Fundo de investimento que será gerido pelo Ministério Público é fruto da parceria nebulosa entre os procuradores de Curitiba e os EUA. Provavelmente a mesma que Sergio Moro tentou preservar dos holofotes da mídia durante o julgamento de Lula

Jornal GGN – Conquistado por meio da Lava Jato, o fundo de investimentos bilionário que será criado em Curitiba, com gestão de membros do Ministério Público, só foi possível graças à parceria nebulosa entre os procuradores da República e autoridades dos Estados Unidos.

A turma liderada por Deltan Dallagnol emprestou ao Departamento de Justiça dos EUA (DOJ) alguns dos delatores que tiveram passagem por diretorias da Petrobras, como Nestor Cerveró. A cooperação ajudou o governo americano a construir uma denúncia contra a estatal brasileira por prejuízos financeiros aos investidores.

A narrativa, muito similar ao que a Lava Jato vende em solo tupiniquim, está registrada no comunicado que o DOJ emitiu em setembro de 2018, ao anunciar a formalização de um acordo de “não-acusação” com a Petrobras.

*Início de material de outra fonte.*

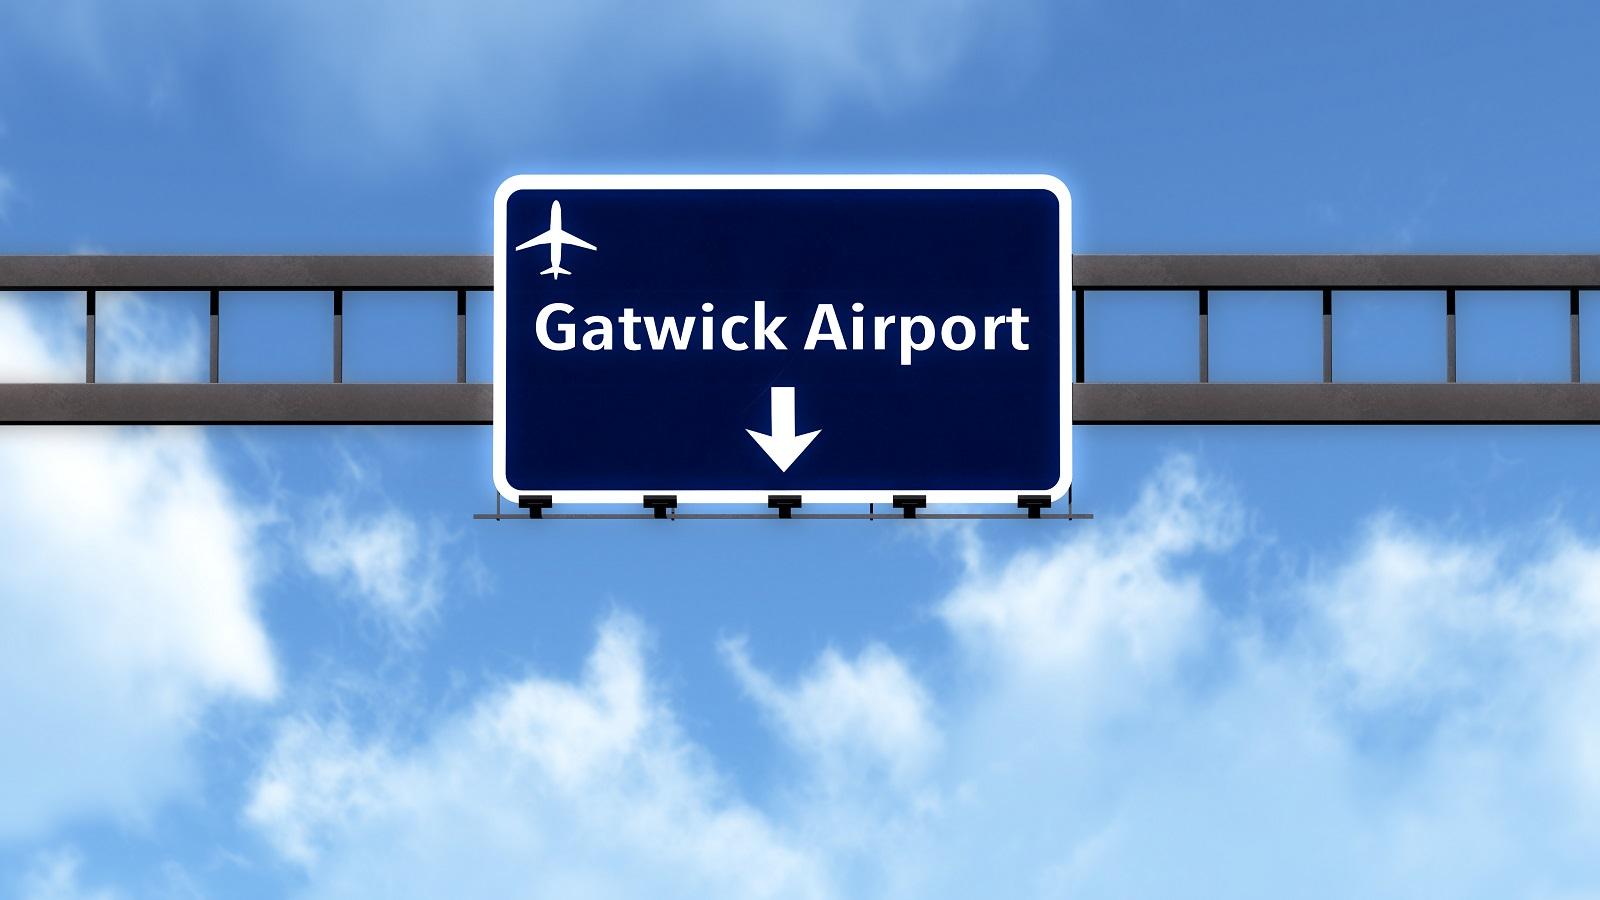 londen gatwick airport

No documento, o governo americano -que agradeceu o MPF e a Polícia Federal brasileiros pela parceria – acusa ex-diretores da Petrobras de terem recebido vantagem pessoal e facilitado o pagamento de propina a partidos e políticos. Os subornos teriam sido contabilizados em contratos e aditivos assinados com empreiteiras e fornecedores e, desse modo, balanços apresentados a investidores internacionais foram considerados contaminados.

Sujeita à jurisdição americana por vender ações na Bolsa de Nova York, a Petrobras aceitou pagar um total de 1,8 bilhão de dólares em multas (o equivalente a 2% da receita bruta da empresa em 2017) para evitar um processo em solo americano.

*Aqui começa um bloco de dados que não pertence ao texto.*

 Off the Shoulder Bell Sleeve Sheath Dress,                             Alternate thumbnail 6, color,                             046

Especificamente com o Departamento de Justiça, o acordo de não-acusação – “Non-Prosecution Agreement” – estabeleceu o pagamento de 853,2 milhões de dólares.

Curiosamente, o governo americano abriu mão de 80% desse valor (ou seja, de mais de 682 milhões de dólares) em benefício das “autoridades brasileiras”.

É esse o montante que será injetado no fundo de investimento a ser controlado por membros do MP Federal e paranaense, entre outros assentos. Se não depositar o valor para o caixa conquistado pela Lava Jato, a Petrobras terá de pagar 100% da multa aos EUA, diz o acordo.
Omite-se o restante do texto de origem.